Central limit theorem

Reading time

God doesn't play dice," A. Einstein once said of quantum mechanics, calling into question one of the foundations of modern physics. However, experiments carried out in the 20th century proved him wrong, and it is now accepted that all observables in this world govern according to distribution probabilities and are subject to Heisenberg's uncertainty principle. The world is random... 

Understanding random phenomena is fundamental to understanding how the world works. A central theorem of statistical data analysis can be demonstrated mathematically: the central limit theorem. 

Any system resulting from the sum of many factors, independent of each other and of an equivalent order of magnitude, generates a distribution law that tends towards a normal distribution. 

This theorem shows the importance of the normal distribution in analyzing the variability of an observable. To illustrate this, let's roll a die 1000 times in succession and observe the distribution of results: 

The distribution follows a uniform distribution, i.e. the die is equally likely to land on 1, 2, 3, 4, 5 or 6. The distribution does not resemble a normal distribution. 

Let's roll 10 dice 1000 times in a row and observe the distribution of the results of the sum of these 10 dice: 

Although each of the dice follows a uniform distribution, the distribution of the sum of the 10 dice follows a bell curve. This distribution is very close to a normal distribution. 

Indeed, if we follow the central limit theorem : 

  • We have a system 
  • Resulting from the sum of many factors (here the sum of 10 dice) 
  • Independent of each other (the result of one die has no influence on the result of another die) 
  • The order of magnitude of each of the dice is equivalent 

The distribution generated by this system tends towards a normal distribution. All in all, it's quite intuitive. When 10 dice are rolled, there is only one combination that will produce a result of 10 (all the dice landed on 1), whereas there are thousands of combinations that will produce a result of 35. As a result, outcomes close to 35 are much more likely to occur than extreme outcomes such as 10 or 60. The distribution law obtained is therefore close to a normal distribution law. 

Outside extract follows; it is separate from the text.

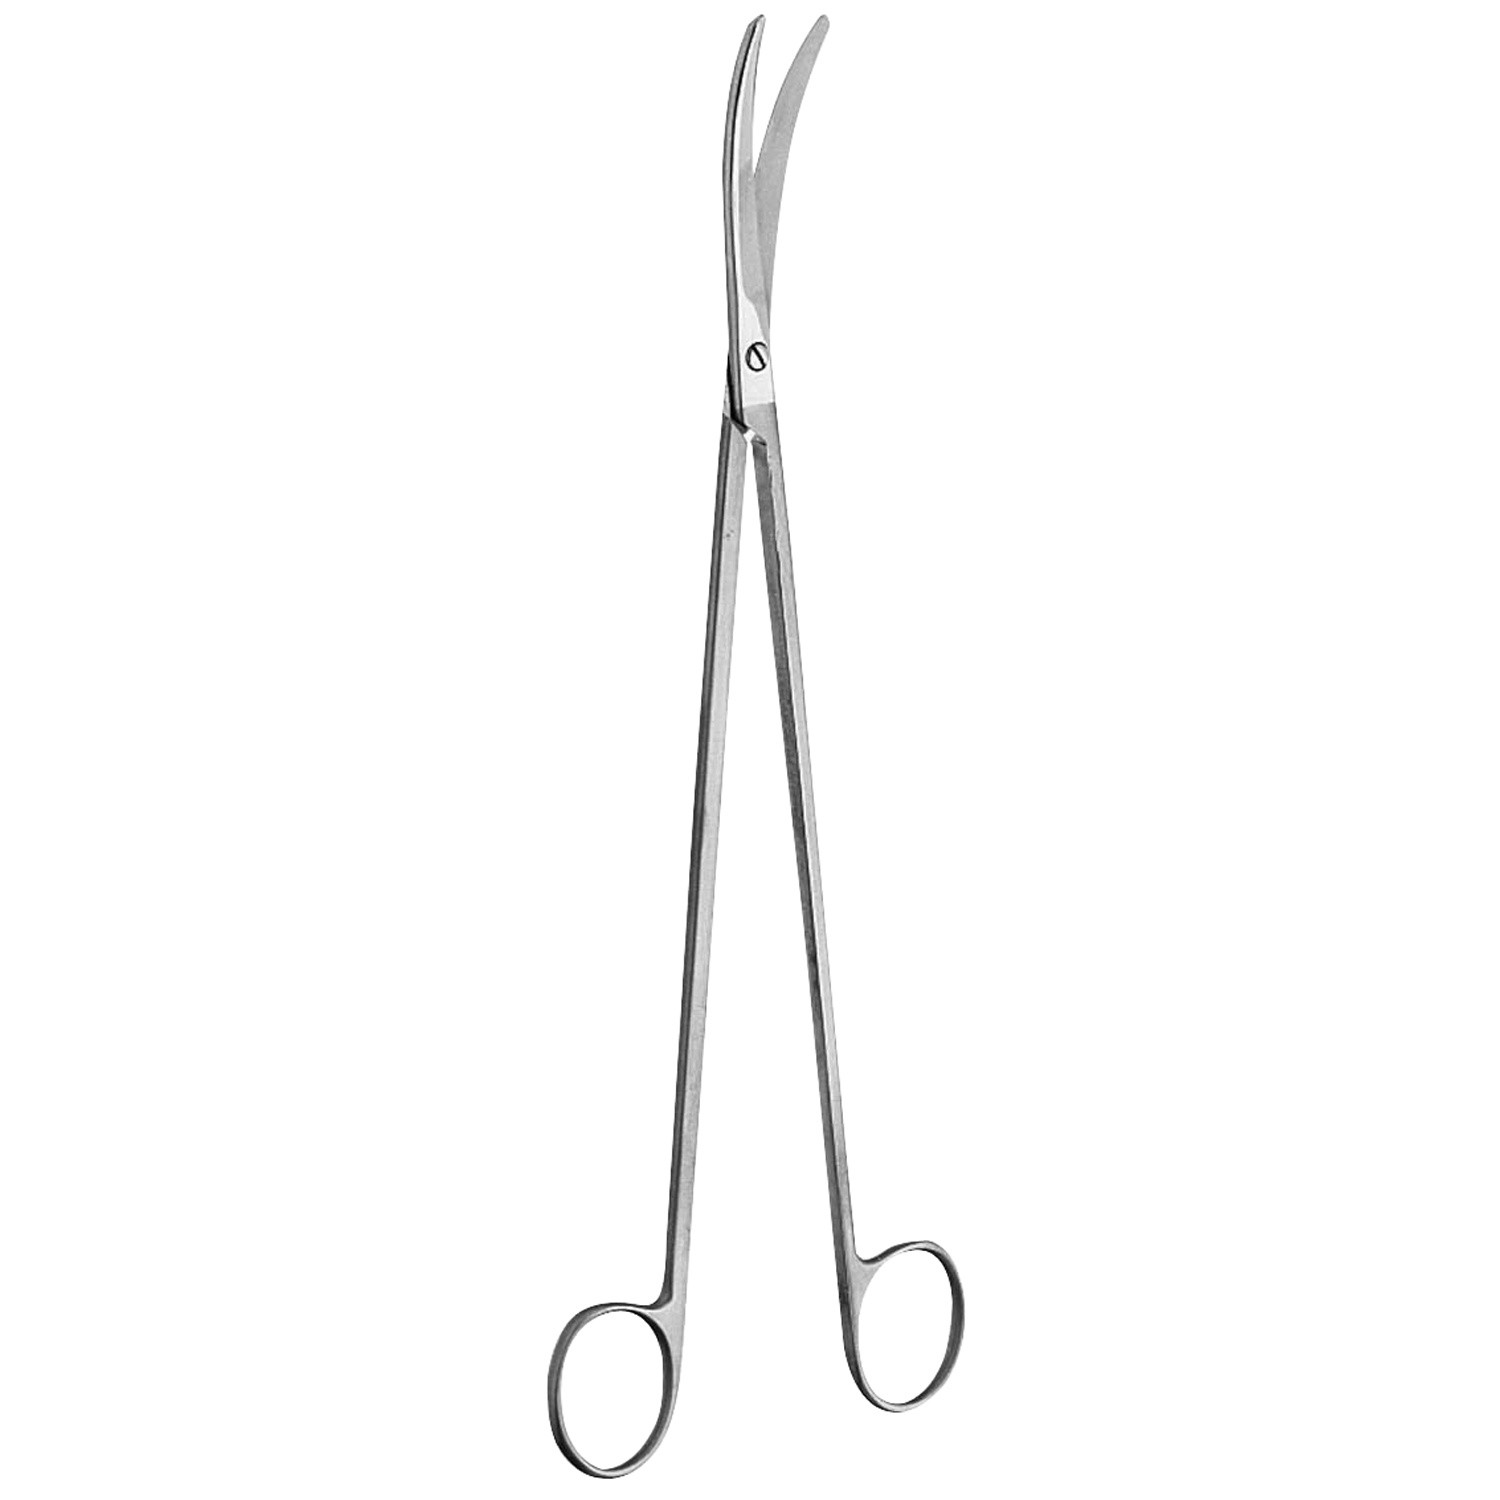 Crafoord Lobectomy Scissors, Blunt Tips, Curved, 12" (30.5 Cm)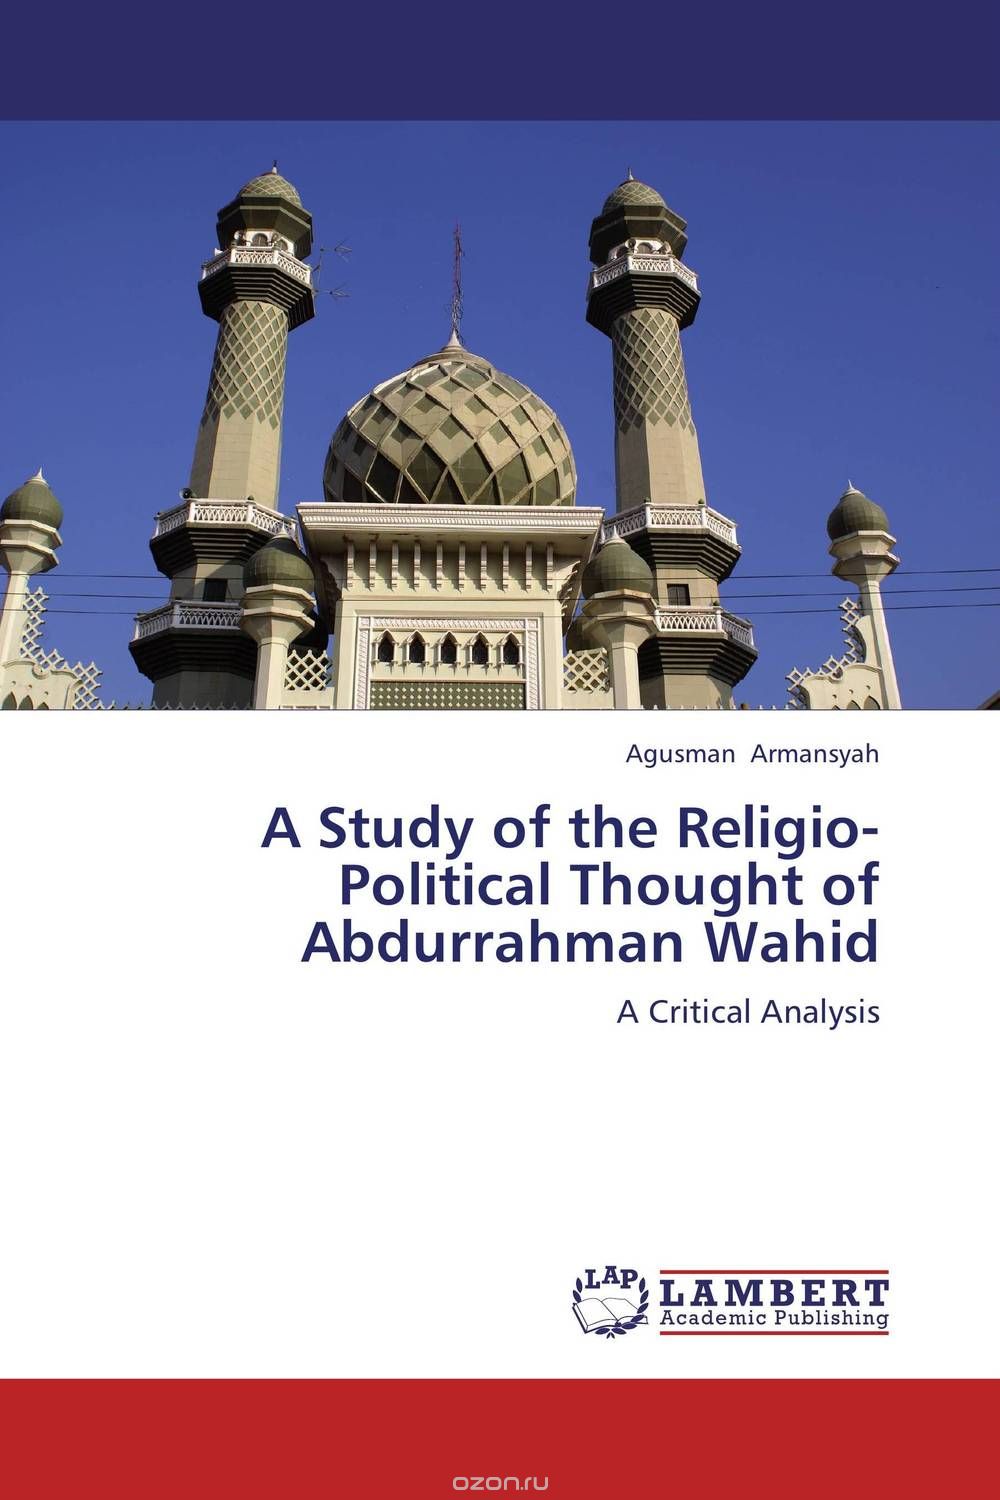 Скачать книгу "A Study of the Religio-Political Thought of Abdurrahman Wahid"

The systems we usually observe have this type of distribution, because they satisfy the assumptions of the central limit theorem. Let's take the example of machining a part: 

  • It's a system that produces a rating. 
  • The deviation of the dimension from the target results from the sum of many factors (vibration, material hardness, tool positioning error, etc. ....). 
  • The factors are independent of each other (machine vibration has no influence on material hardness). 
  • The order of magnitude of these deviations is equivalent to 

The distribution of parts therefore tends towards a normal distribution, which is what we observe when we measure a series of parts.